Minacce per Android dal launcher di Cheetah Mobile, dal falso wallet Trezor, e dall’app multimediale VidMate

La settimana appena iniziata si è dimostrata buia non solo per il meteo, ma anche per la sicurezza di Android, viste le emergenze scoperte da un ricercatore indipendente, da Eset, e Secure-D, a proposito di alcune app apparentemente legittime e inoffensive.

Minacce per Android dal launcher di Cheetah Mobile, dal falso wallet Trezor, e dall’app multimediale VidMate

Non si può certo dire che la settimana in corso sia iniziata propriamente bene, quanto a sicurezza, per Android, finito di nuovo al centro delle polemiche per la scoperta di un diffuso launcher colabrodo quanto a privacy, di un’app che non è quella che si suppone essere, e di un’altra applicazione che esegue inopportune attività in background.

Un nome che si sta facendo strada, in senso negativo, quanto ad affidabilità, è quello della software house cinese Cheetah Mobile, già attenzionata a fine anno, quando la società d’analisi americana Kochava Inc. scoprì che diverse applicazioni popolari messe a disposizione da CM attuavano una frode pubblicitaria, a danno degli inserzionisti, e degli utenti mobili, visto che generavano diversi click fittizi, in background, sulle ads, stressando il processore e la batteria degli smartphone, consumandone anche il traffico dati. A seguito di un’indagine dalla quale emerse come fosse stata la stessa software house cinese a sviluppare la componente SDK accusata del problema emerso, le sue app coinvolte vennero rapidamente rimosse dal Play Store. 

Qualcosa del genere potrebbe capitare anche al popolare CM Launcher 3D della medesima società asiatica, almeno dopo la pubblicazione, su Twitter, di quanto scoperto dal ricercatore Till Kottmann: quest’ultimo, analizzando il codice del summenzionato launcher scaricato dallo store di Google, ne ha seguito l’invio dei file verso un server Amazon, scoprendo che, in esso, erano conservati in chiaro diversi dati dell’utente (relativi a questa, ma anche ad altre app di Cheetah Mobile), quali le icone delle app installate, i temi adoperati, gli sfondi usati per il drawler e la schermata di blocco, etc. Il tutto con la conseguenza che un malintenzionato, accedendo al cloud in oggetto, e modificandovi i file JSON del launcher, avrebbe potuto scatenare diversi problemi sugli smartphone connessi, tra cui l’installazione massiva di software malevolo, o il crash (inteso come blocco e riavvio anomalo) dell’app stessa. 
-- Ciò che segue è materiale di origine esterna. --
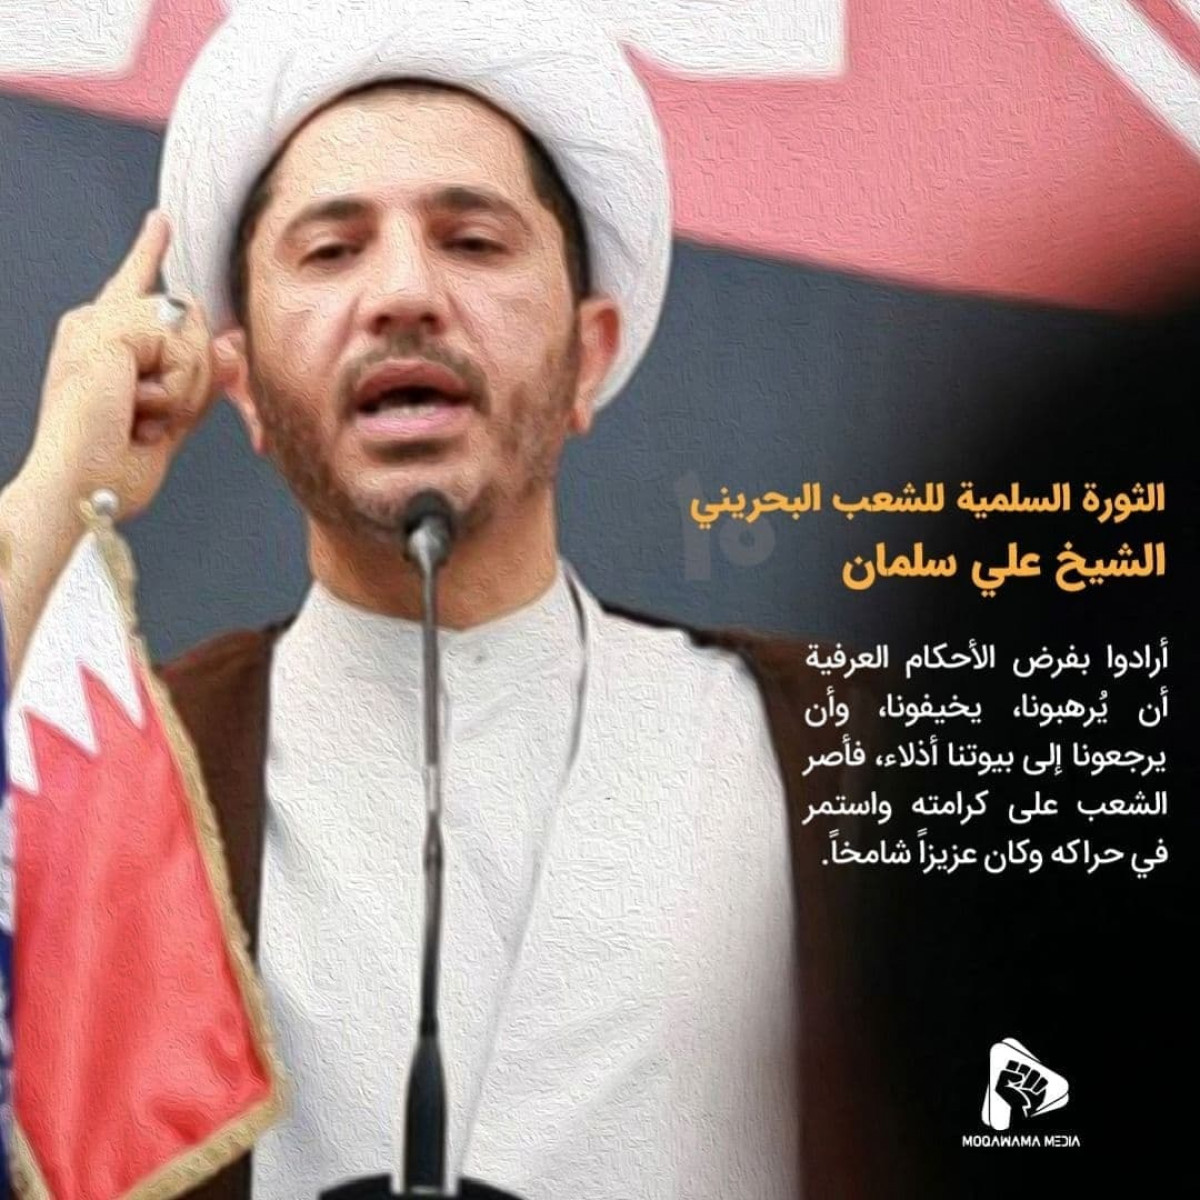 الثورة السلمية للشعب البحريني / الشیخ علي سلمان 2
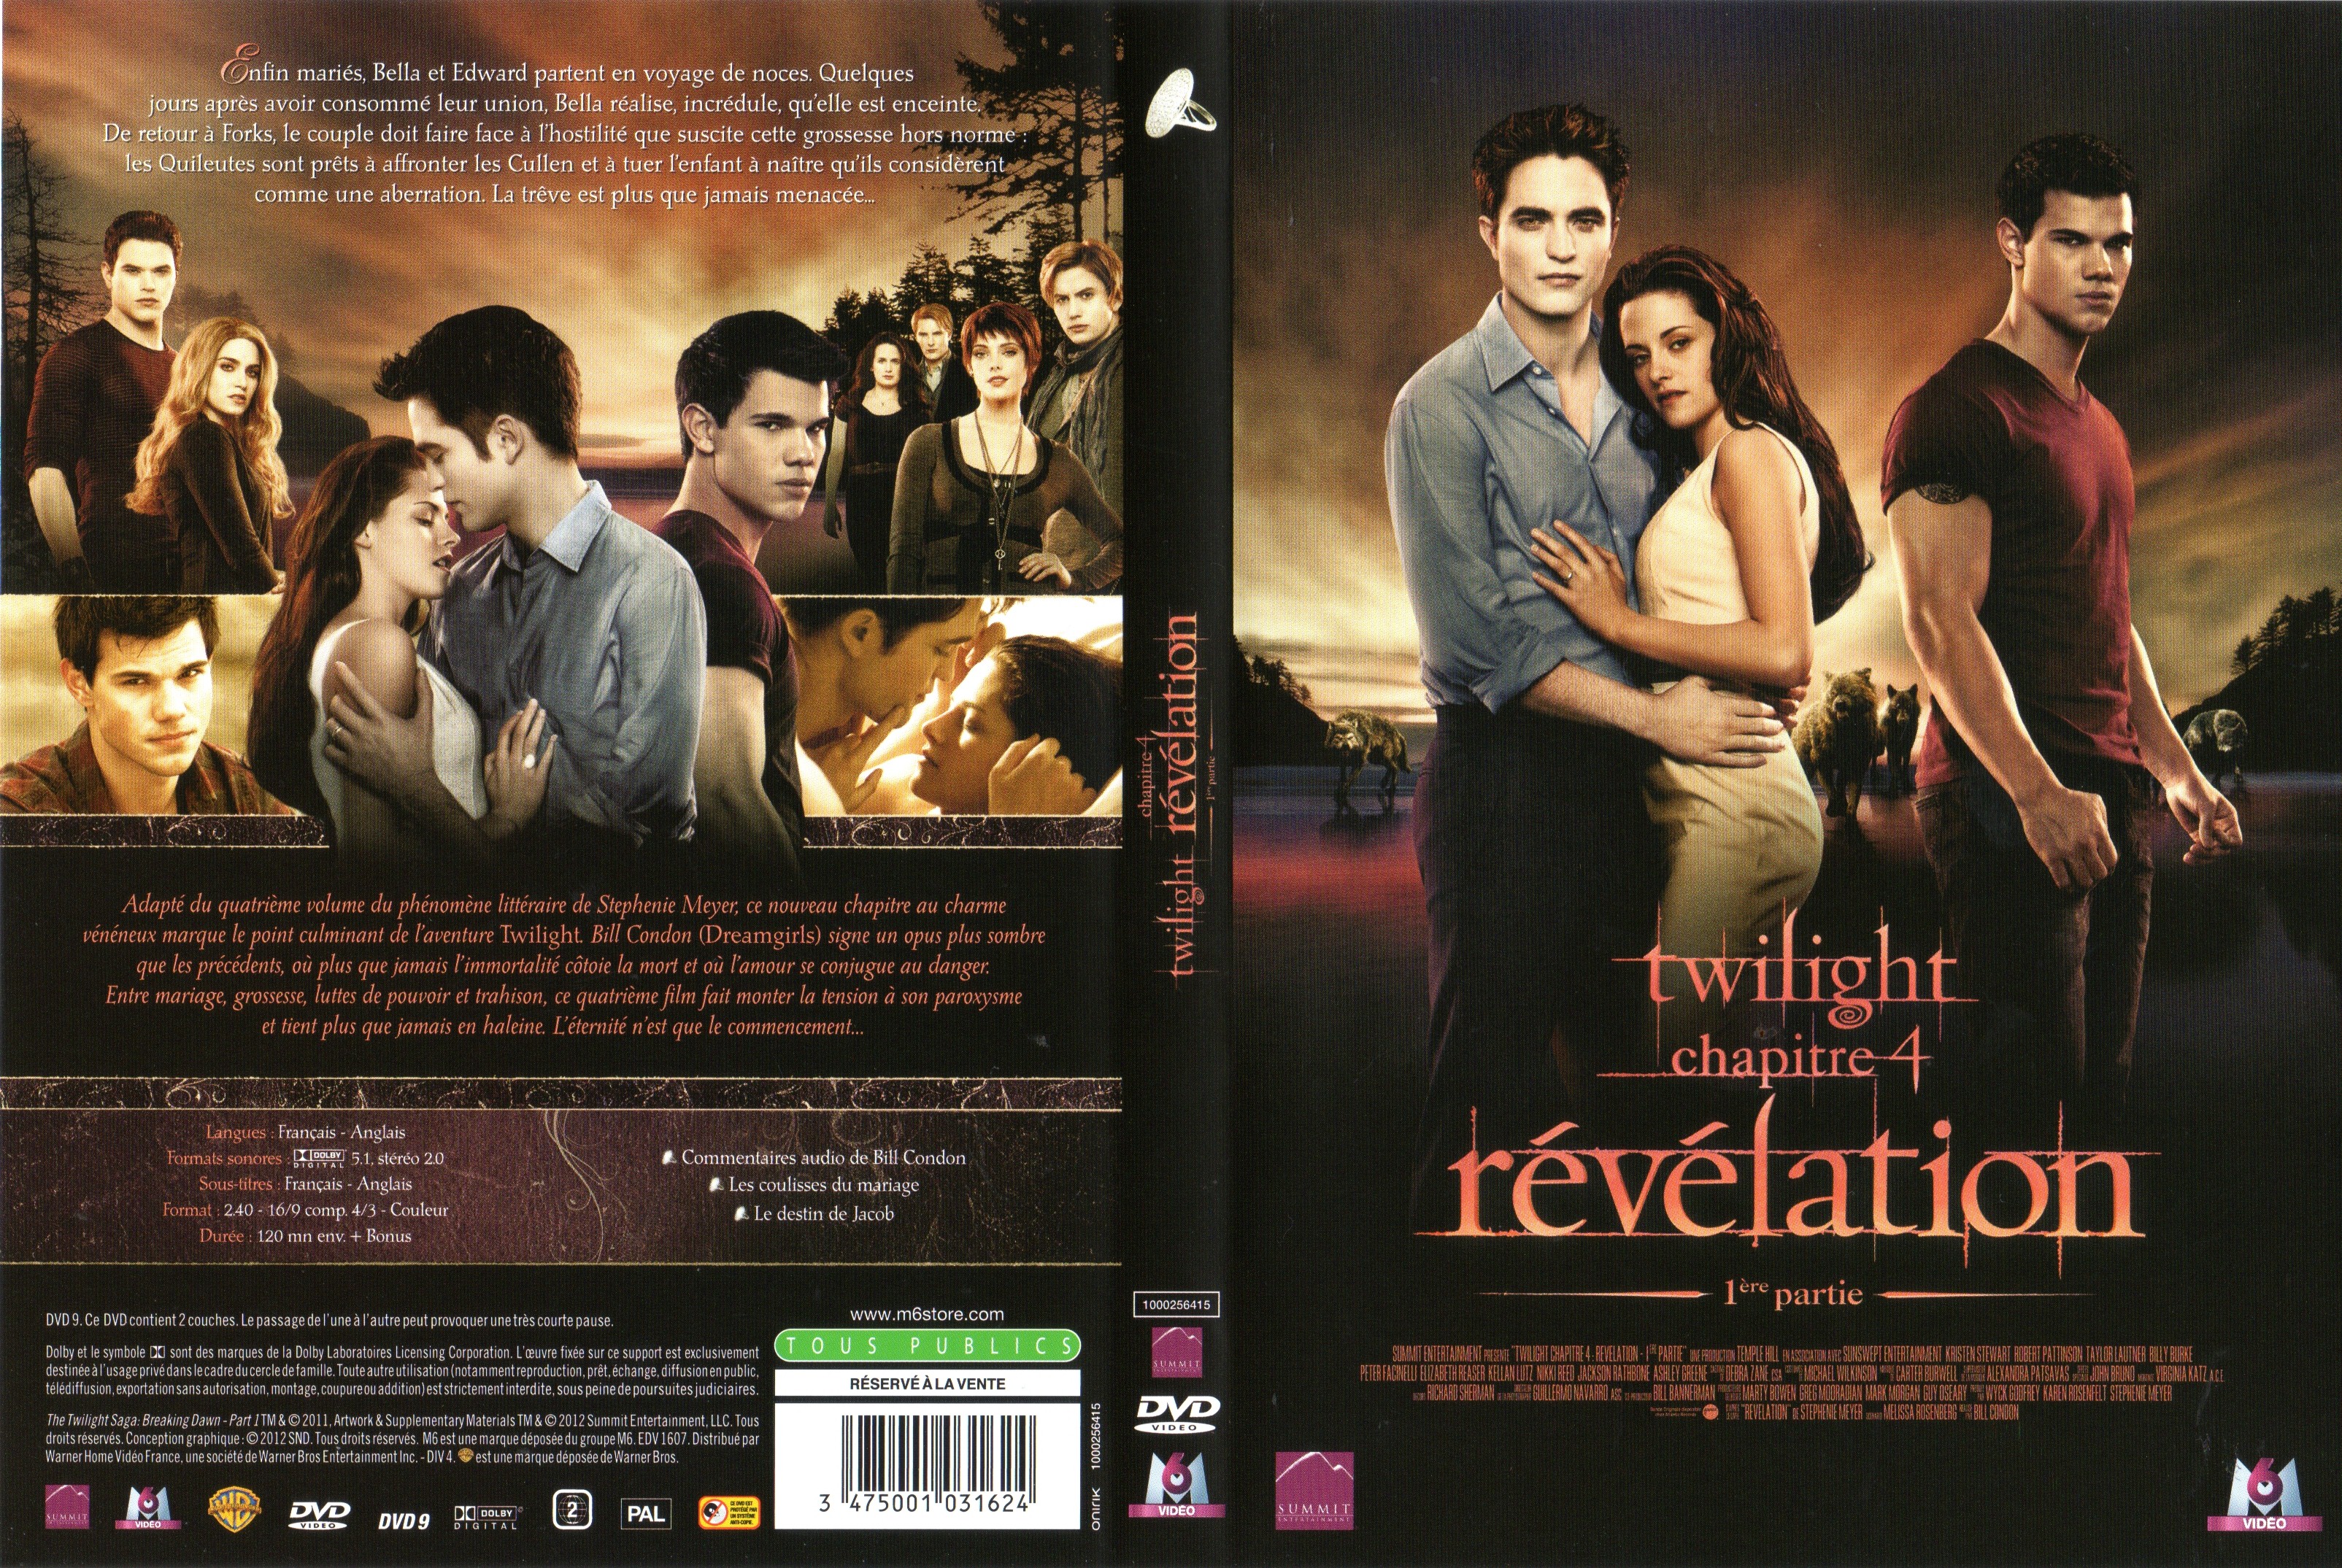 Jaquette DVD Twilight Chapitre 4 : Rvlation 1re partie v2
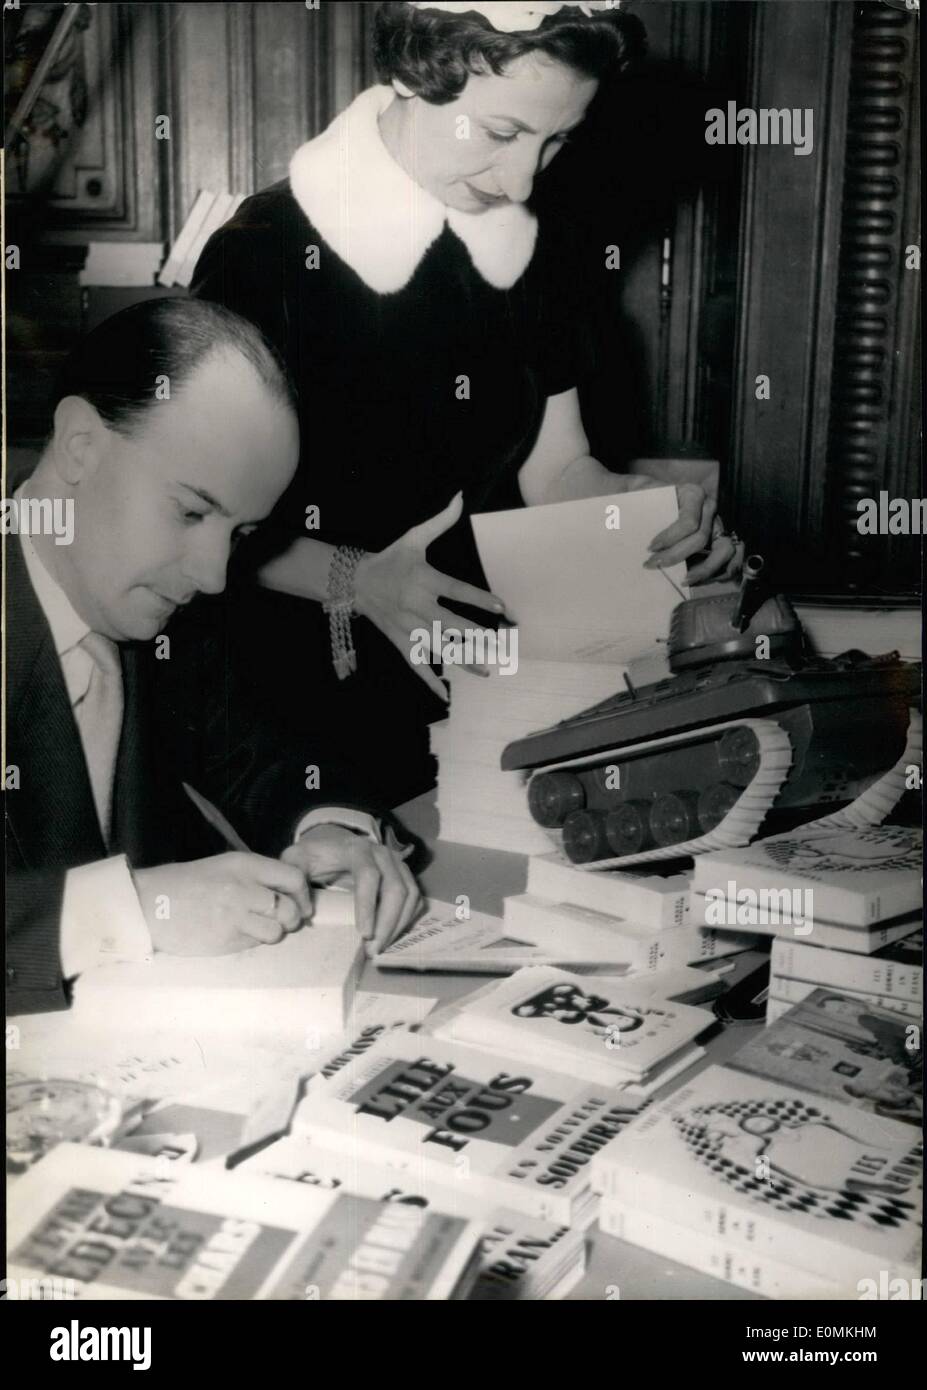 11 novembre 1955 - UN Doctor-Writers' livres vendus en vente de charité : la vente de charité annuelle les livres écrits par des médecins-auteurs a eu lieu dans les salons de la Sorbonne hier. Photo montre M. Soubrian, auteur du célèbre livre "Les hommes en blanc'' des autographes l'un de ses livres. Banque D'Images
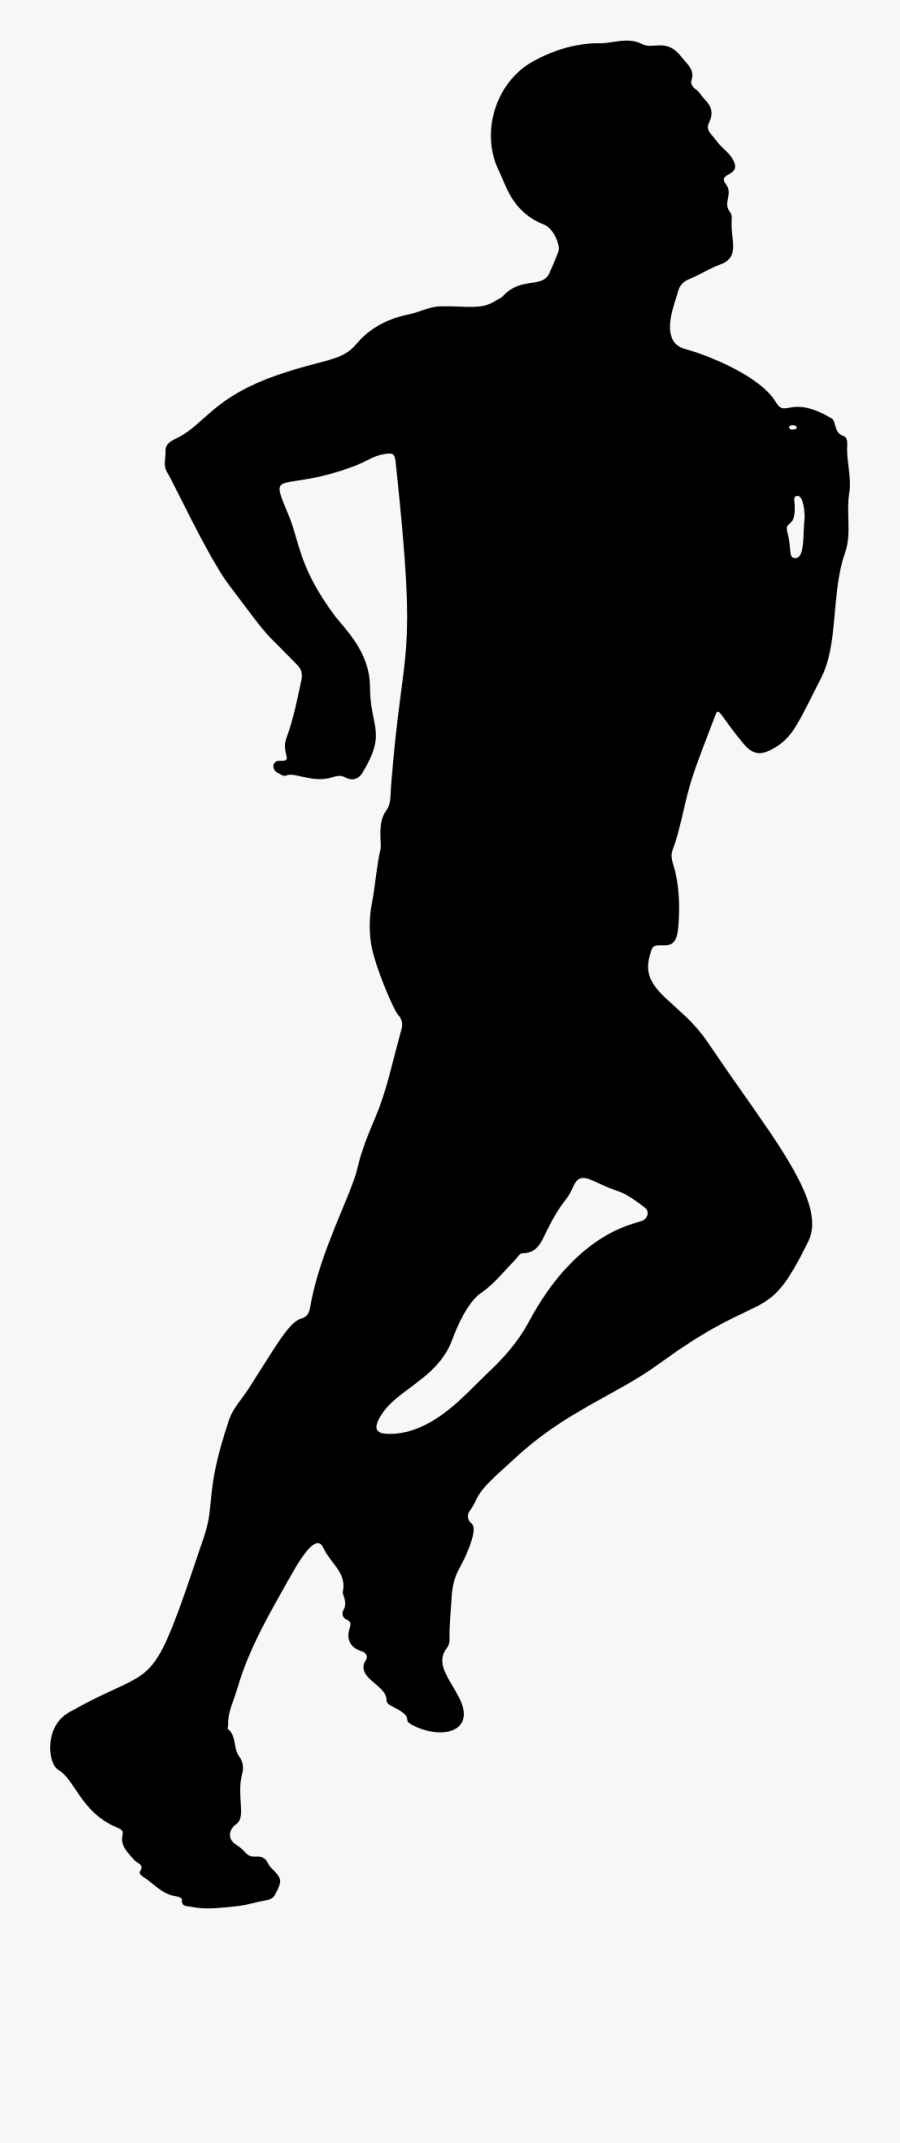 Jogging Man Silhouette - Jogging Silhouette, Transparent Clipart

Nell’attesa che Cheetah Mobile e Google si pronuncino sulla questione, non v’è da annoiarsi, dacché una nuova problematica è sorta all’orizzonte, dopo una segnalazione fatta da Lukas Stefanko, ricercatore presso la software house slovacca ESET, realizzatrice del noto antivirus Nod32. A quanto pare, a inizio Maggio, nel Play Store venne pubblicata un’app col nome di “Trezor Mobile Wallet” che, celata dietro un falso sviluppatore, prometteva agli utenti di far creare dei portafogli virtuali per gestire varie criptovalute, proprio come l’app Trezor originale. Il clone in questione, nel giro di qualche settimana, è divenuto piuttosto popolare tanto che, scaricato oltre 1.000 volte, è balzato al secondo posto nelle query di ricerca, appena dietro l’app legittima: per fortuna, Google – in questo caso – è intervenuta prontamente con la rimozione, limitando la portata del problema, sostanziato nel furto di credenziali di accesso a vari portafogli criptomonetari

Anche la truffa scovata da Upstream, tramite il proprio laboratorio di sicurezza (Secure-D), sembra volta ad arricchire i criminali 2.0 alle spalle dell’applicazione VidMate: quest’ultima, ormai rimossa dal Play Store, ma ancora disponibile su market alternativi (come Aptoide, ove viene valutata come sicura), offriva la visione delle TV live, e la possibilità di scaricare i video da varie fonti (es. Dailymotion, e YouTube). Secondo quanto riscontrato, dietro tale paravento, VidMate cliccava a manetta, in background ed all’insaputa dell’utente, su dei banner invisibili, ottenendo dei remunerativi click sugli stessi e, in più, in diversi casi accertati (almeno 128 milioni, da 4.8 milioni di device), ottemperava a delle transazioni indesiderate, anche senza aver ottenuto preventivamente alcuna autorizzazione da parte dell’utente.